5.                                       The Committee shall have the authority, including approval of fees and other retention terms, to obtain advice and assistance from outside legal, accounting or other advisors in its sole discretion, at the expense of the Company, which shall provide adequate funding for such purposes.  The Company shall also provide the Committee with adequate funding for the ordinary administrative expenses of the Committee.  The Committee shall have unrestricted access to information, management, the external auditors and the head of internal audit, including private meetings, as it considers necessary or appropriate to discharge its duties and responsibilities.  The Committee may, in its discretion, delegate all or a portion of its duties and responsibilities to a subcommittee of the Committee.

 

Composition

 

6.                                       The Committee shall be appointed by the Board annually and shall be comprised of a minimum of three directors.  If an appointment of members of the Committee is not made as prescribed, the members shall continue as such until their successors are appointed.

 

7.                                       All of the members of the Committee shall be directors whom the Board has determined are independent, taking into account the applicable rules and regulations of securities regulatory authorities and/or stock exchanges.

 

8.                                       Each member of the Committee shall be “financially literate” and at least one member of the Committee shall have “accounting or related financial management expertise”(1).

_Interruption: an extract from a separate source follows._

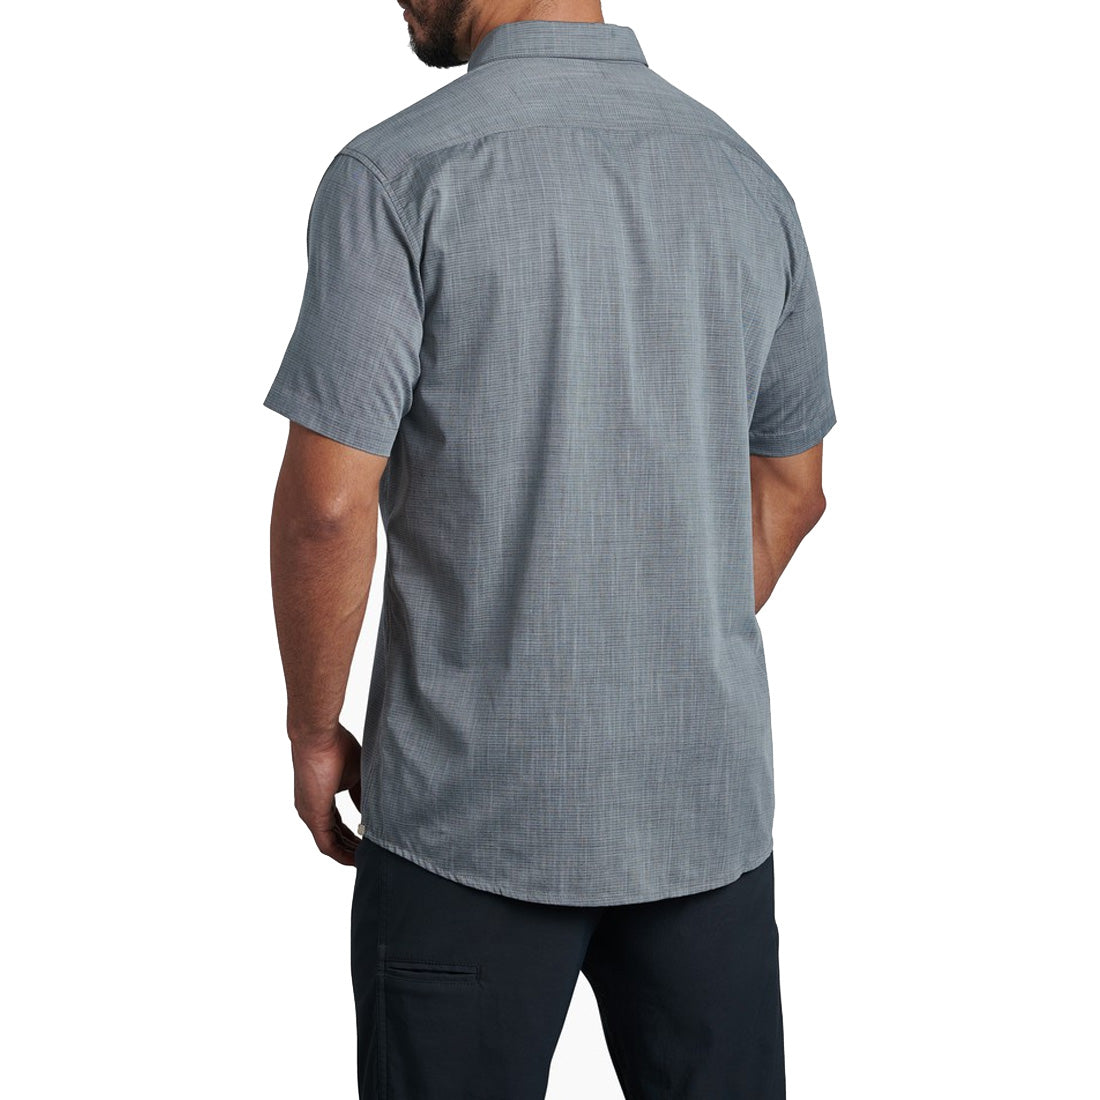 KUHL Karib Stripe Shirt - Men's

At least one member of the Committee shall be an “audit committee financial expert”, as defined in the applicable rules and regulations of securities regulatory authorities and/or stock exchanges.

 

9.                                       If a Committee member simultaneously serves on the audit committee of more than three public companies, the Board shall make a determination as to whether such service impairs the ability of such member to serve effectively on the Committee and disclose such determination in the Company’s annual proxy statement.

 

Meetings

 

10.                                 The Committee shall have a minimum of four meetings per year, to coincide with the Company’s financial reporting cycle.  Additional meetings will be scheduled as considered necessary or appropriate, including to consider specific matters at                                       the request of the external auditors or the head of internal audit.

 

11.                                 The time and place of the meetings of the Committee, the calling of meetings and the procedure in all things at such meetings shall be determined by the Chairman of the Committee.

 


(1) For purposes of this mandate,  “financially literate” means the ability to read and understand a balance sheet, an income statement, a cash flow statement and the related notes that present a breadth and level of complexity of accounting issues that are generally comparable to the breadth and complexity of issues that can reasonably be expected to be raised by the Company’s financial statements, and  “accounting or related financial management expertise” means the ability to analyze and interpret a full set of financial statements, including the related notes that present a breadth and level of complexity of accounting issues that are generally comparable to the breadth and complexity of issues that can reasonably be expected to be raised by the Company’s financial statements.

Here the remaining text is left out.